Civil engineering major writes about her research experience with Anne Raich, assistant professor of civil and environmental engineering
Diana Hasegan ’10 (Tirgu Mures, Romania) is pursuing a B.S. in civil engineering and an A.B. in economics and business. She is currently performing research to develop a system which will help architects and engineers work better together with Anne Raich, assistant professor of civil and environmental engineering. The following is a first person account of Hasegan’s experience.
Genetic algorithms, neural networks, multi-objective optimization — If these terms sound unfamiliar to you, then you feel the same way I was feeling four months ago. But now something has changed. During this summer, I was fortunate enough to work with Professor Raich in the civil and environmental engineering department on a research project entitled “User Guided Conceptual Design and Multi-Objective Optimization Using Genetic Algorithms of Large Span Roof Trusses.
I must admit that when I first heard the title of the research I felt a little scared because I did not even know where to start, or in what direction to read it. But I was curious and excited about learning and Professor Raich has done an amazing job guiding my learning process.
The basic principle behind this project is helping engineers to come up with better solutions for the design of large span roof trusses. These are the structural frameworks that support the roof of a building. The civil engineer has to input in the computer program some initial information regarding the expected outcome such as span, height, and load of the roof. Then the program runs the first round of computational methods, which are genetic algorithms, and comes up with a number of feasible and optimal designs for the input parameters. After that, the engineer is asked to input their preferences by selecting specific trusses out of those generated. After this step, the program runs multiple cycles to come up with better solutions for the roof truss design that take into consideration the preferences of the user.
The first step of this project was reading books and research papers to familiarize myself with the concepts and learn the basics. The concept of genetic algorithms, the first concept I learned, was surprisingly simple, yet profound. Genetic algorithms are a series of procedures applied to a set of data that follow the natural process for reproduction of living organisms. A population, or number set, of data is created randomly by the computer. Then the concept of survival of the fittest is applied. Each member (piece of data) from that population is evaluated according to some pre-established criteria and the best members are selected for crossover.

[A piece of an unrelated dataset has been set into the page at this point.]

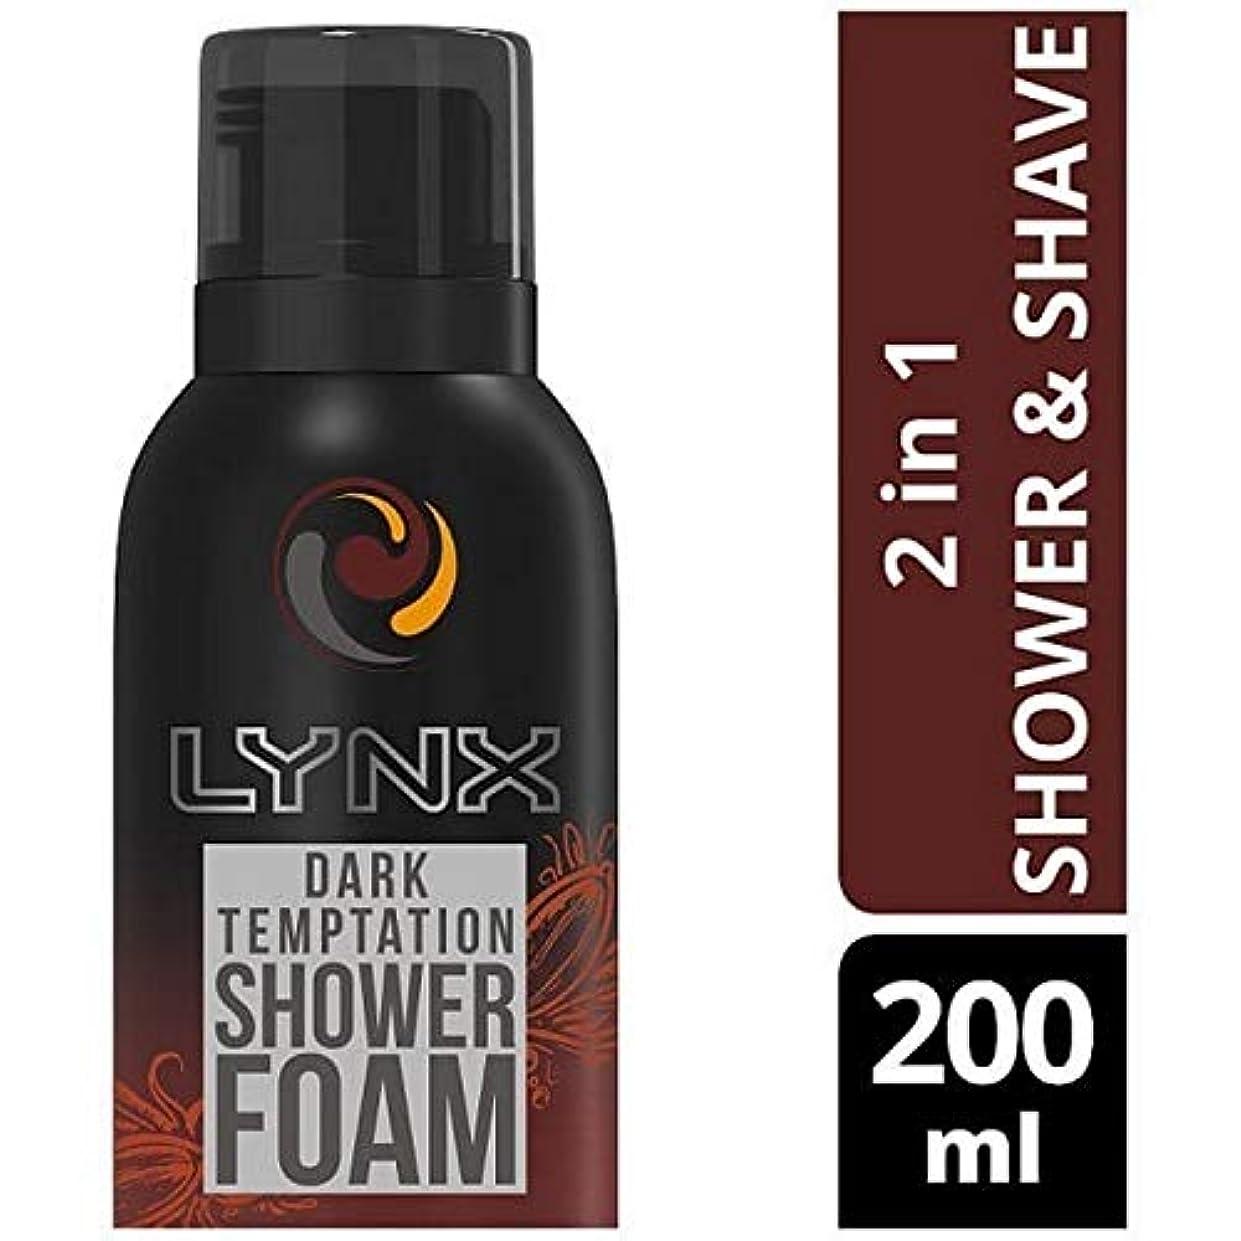 ビーチアベニュー正直[Lynx ] オオヤマネコダーク誘惑ダークチョコレートの香りシャワー泡200ミリリットル - Lynx Dark Temptation Dark Chocolate Scent Shower Foam 200ml [並行輸入品]

In this next step, the genetic information of the best members is interchanged to create children sets of data. After this, mutation is applied just like in genetics and some information in the data is randomly changed to create diversity in the population. This is an apparently simple concept that we all witness in our everyday life, but in its core structure, it can be applied to solve structural optimization problems, such as the one we are working with.
The second part of the project involved neural networks. This concept was inspired by the human brain and the networks that neurons form when storing information in memory. Just as humans learn colors, shapes, or letters and are able to identify them when presented with an image or a text, a computer algorithm is able to simulate the activity of the brain to recognize the preferences of the engineer with regard to the truss designs.
I found it exciting to be able to read and understand engineering research papers. Even more exciting than that was gaining hands-on experience with programming simple problems as well as implementing changes in the program that we were actually testing.
The summer EXCEL experience was extremely rewarding as it helped me to better understand the demands of the research world and introduced me to a specific domain of conceptual design in civil engineering. My experience on this project has not concluded with the end of the summer, but will continue into the new semester.